Friday, September 26, 2008

Impasse

An irreconcilable rift exists in American society today. It's commonly seen as a clash between opposing value systems, though underneath there is also a fundamental difference in how each side perceives the very nature of reality. That much is common knowledge.

It's also no secret that conservative Christians are seen by much of the rest of the world (including other Christians) as exceedingly arrogant and prideful, with their claims to have the only correct answers to everything (or at least everything of importance). From their own vantage point, however, it would be arrogant for them to claim otherwise, since in their minds they are merely conveying the words and ideas of God himself.

That conflation of personal and divine perspective is hardly unique to conservative Christianity; every belief system has its fundamentalists who believe that what seems obvious to them must be the sole valid definition of reality. To an individual with a Stage Three faith, everything in life can (and must) be boiled down into black and white terms, and only someone trying to rationalize evil behavior would dare to claim that any other colors exist.

Attempting to dialogue with such individuals can be a frustrating endeavor, to say the least. It would be easy to write them off as narrow-minded and unreasonable, but the simple fact is that they cannot conceive of the complexities that Stage Four and Stage Five individuals have come to take for granted. There's no way to state that without sounding at least slightly condescending, but it is not an issue of superiority, merely one of growth.

At the same time it can be a challenge to not look down on Stage Three individuals, when one looks at the mess so many of them have made of the world. How many wars have been fought because one group of people took offense at another group's refusal to acknowledge their 'superior' beliefs? How many inquisitions and purges and witch hunts have whipped entire nations into violent frenzies? We may have a more civilized way of disagreeing at this point of time in the Western world, but that same hostility toward those who refuse to see things our way still burns just as intensely below the surface. Just look at the flame wars that rage across internet discussion boards on a daily basis.

Unfortunately there's no way to force a Stage Three individual to "grow up". If you do manage to convert one to your side, he will simply take up his new cause with the same simplistic fervor he applied to his old set of beliefs. And those of us in Stage Four are often still too disillusioned with whatever system we came out of to serve as bridge builders.

Not that those who do make it all the way to Stage Five are automatic candidates for sainthood. But true humility can only take root when one begins to understand just how large and complex the universe really is, and just how little one can genuinely be certain of in this lifetime. With more of such individuals the world just might eventually become a slightly more peaceful place; without them, we can be certain that it never will.

How do we raise up such people? I wish I knew; I'm still trying to get there myself. Such cultivation isn't happening in very many places. Our political system actively cultivates an "us vs. them" mentality, and unfortunately many of our churches do as well. Even so, there's always room for hope.

3 comments:

Craig L. Adams said...

People rise through the stages as a result of dis-equilibrium in their lives. Something happens, or some new piece of knowledge comes to them that they can't "fit' into their current world-view. It throws them off. They may even feel they are "losing their faith." In fact, their conceptual structures are "opening up" to allow for change - to accommodate the new experience or idea. Argument or denunciation causes people to "harden up" within their current structures.
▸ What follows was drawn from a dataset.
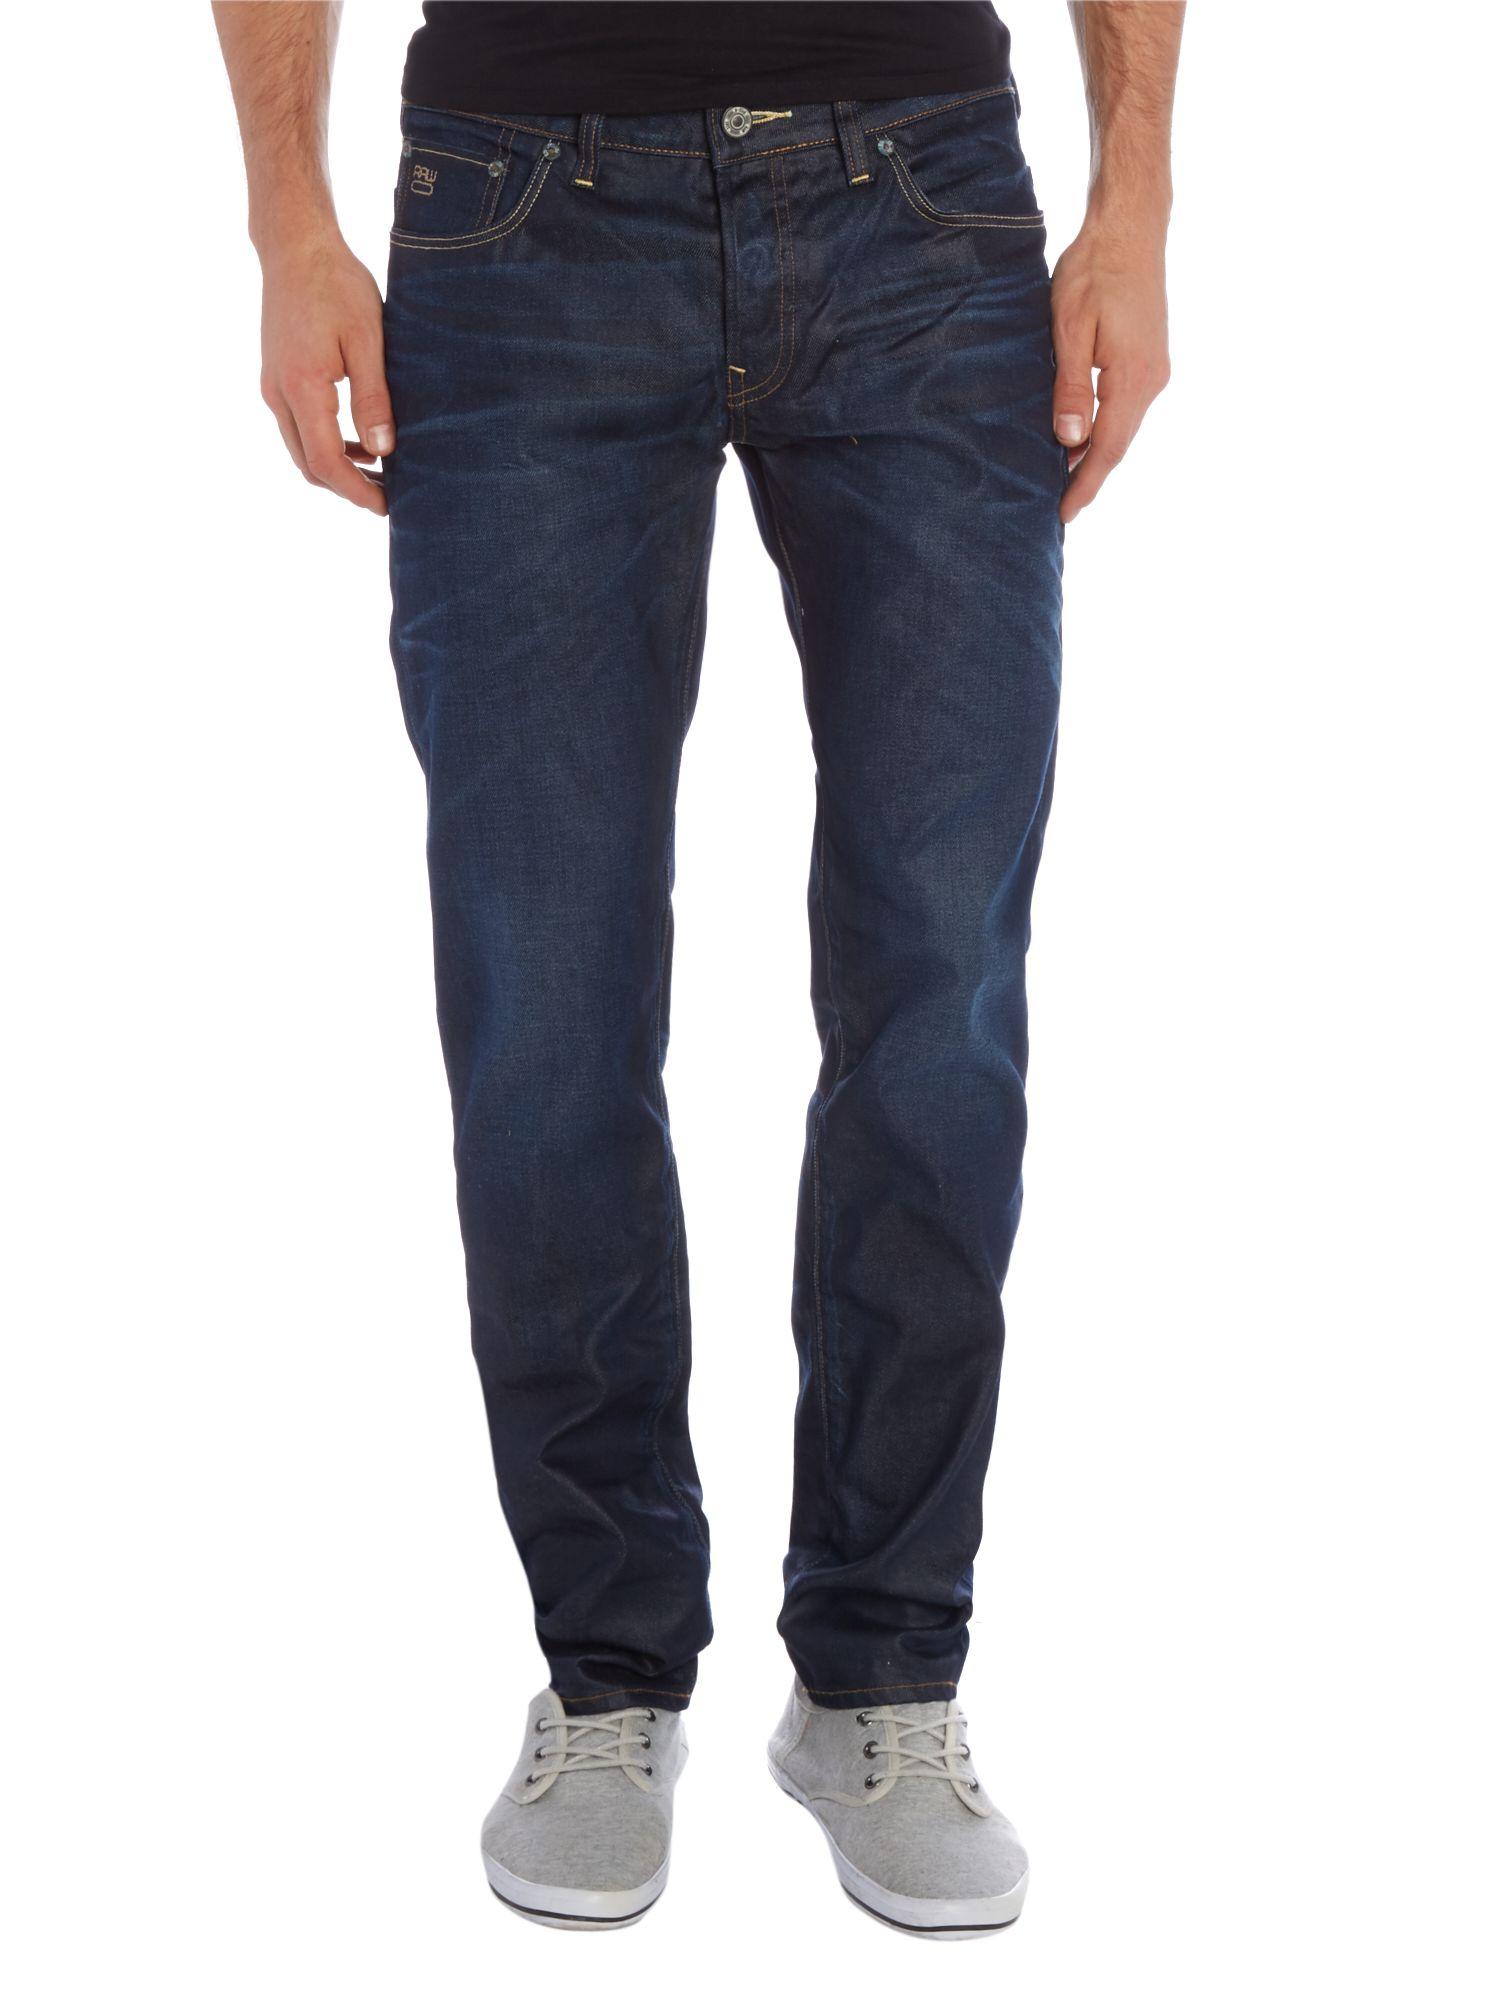 g star raw low tapered dark aged denim jeans in blue for men lyst. Black Bedroom Furniture Sets. Home Design Ideas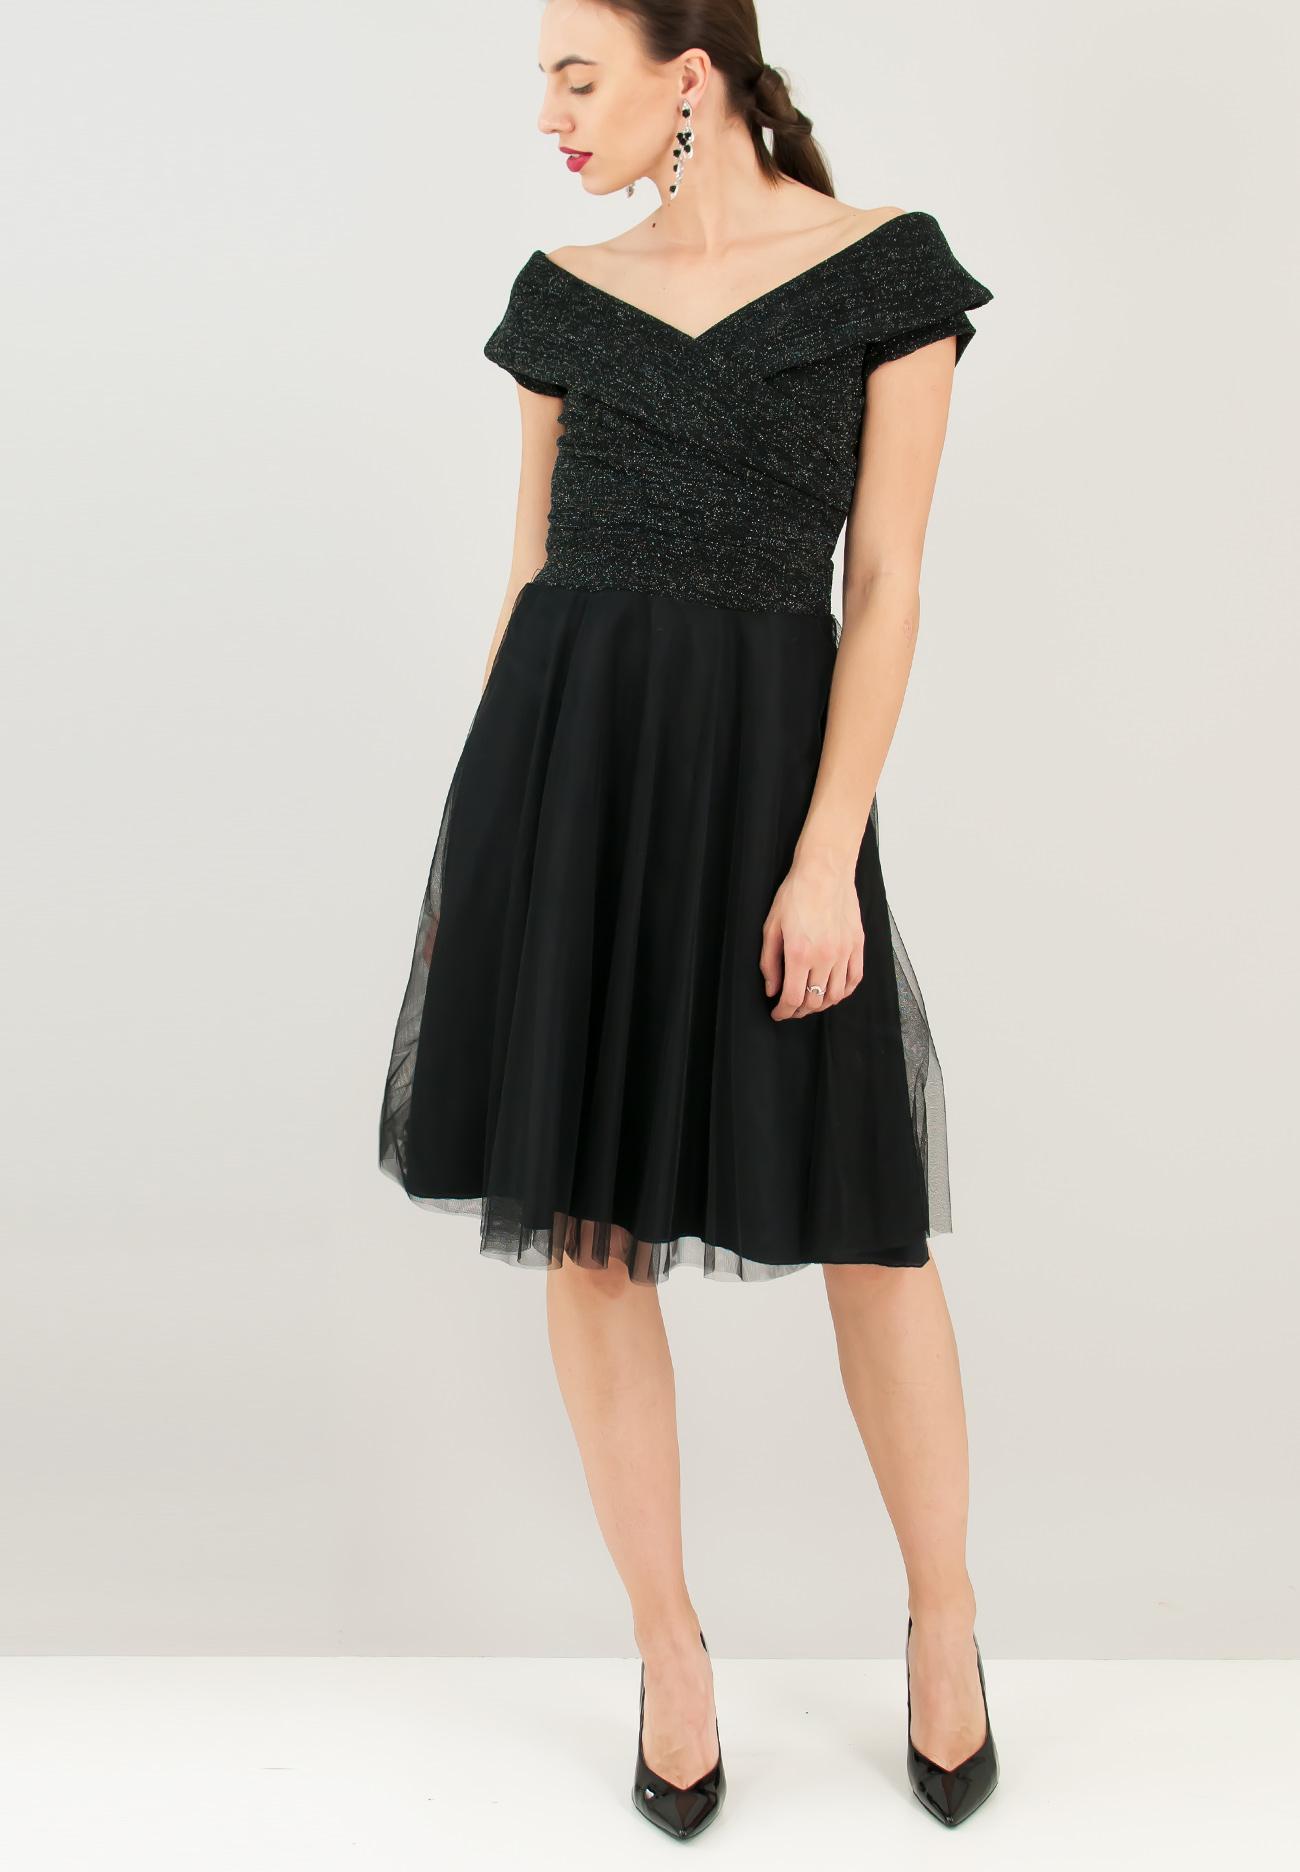 22fb3dd0e706 Φόρεμα με λούρεξ μπούστο - ZIC ZAC

That's why so many of our public debates are actually counter-productive. (E.g., the outspoken atheists keep the young-earth creationists alive, etc.)

Eugene said...

Yes, it's funny, isn't it - dogmatic statements aimed at us cause us to dig in our heels, and then we turn around and launch equally dogmatic rhetoric at others. There's a debate exactly like that going on in the XGW comments section right now...

CrackerLilo said...

All I know is that I've realized lately that I can be just as mean and judgmental and scared as I ever was when I was a teenager in the Assemblies of God church. I feel like my ability to fight that sort of toxic fearfulness in others depends on my ability to fight it in myself.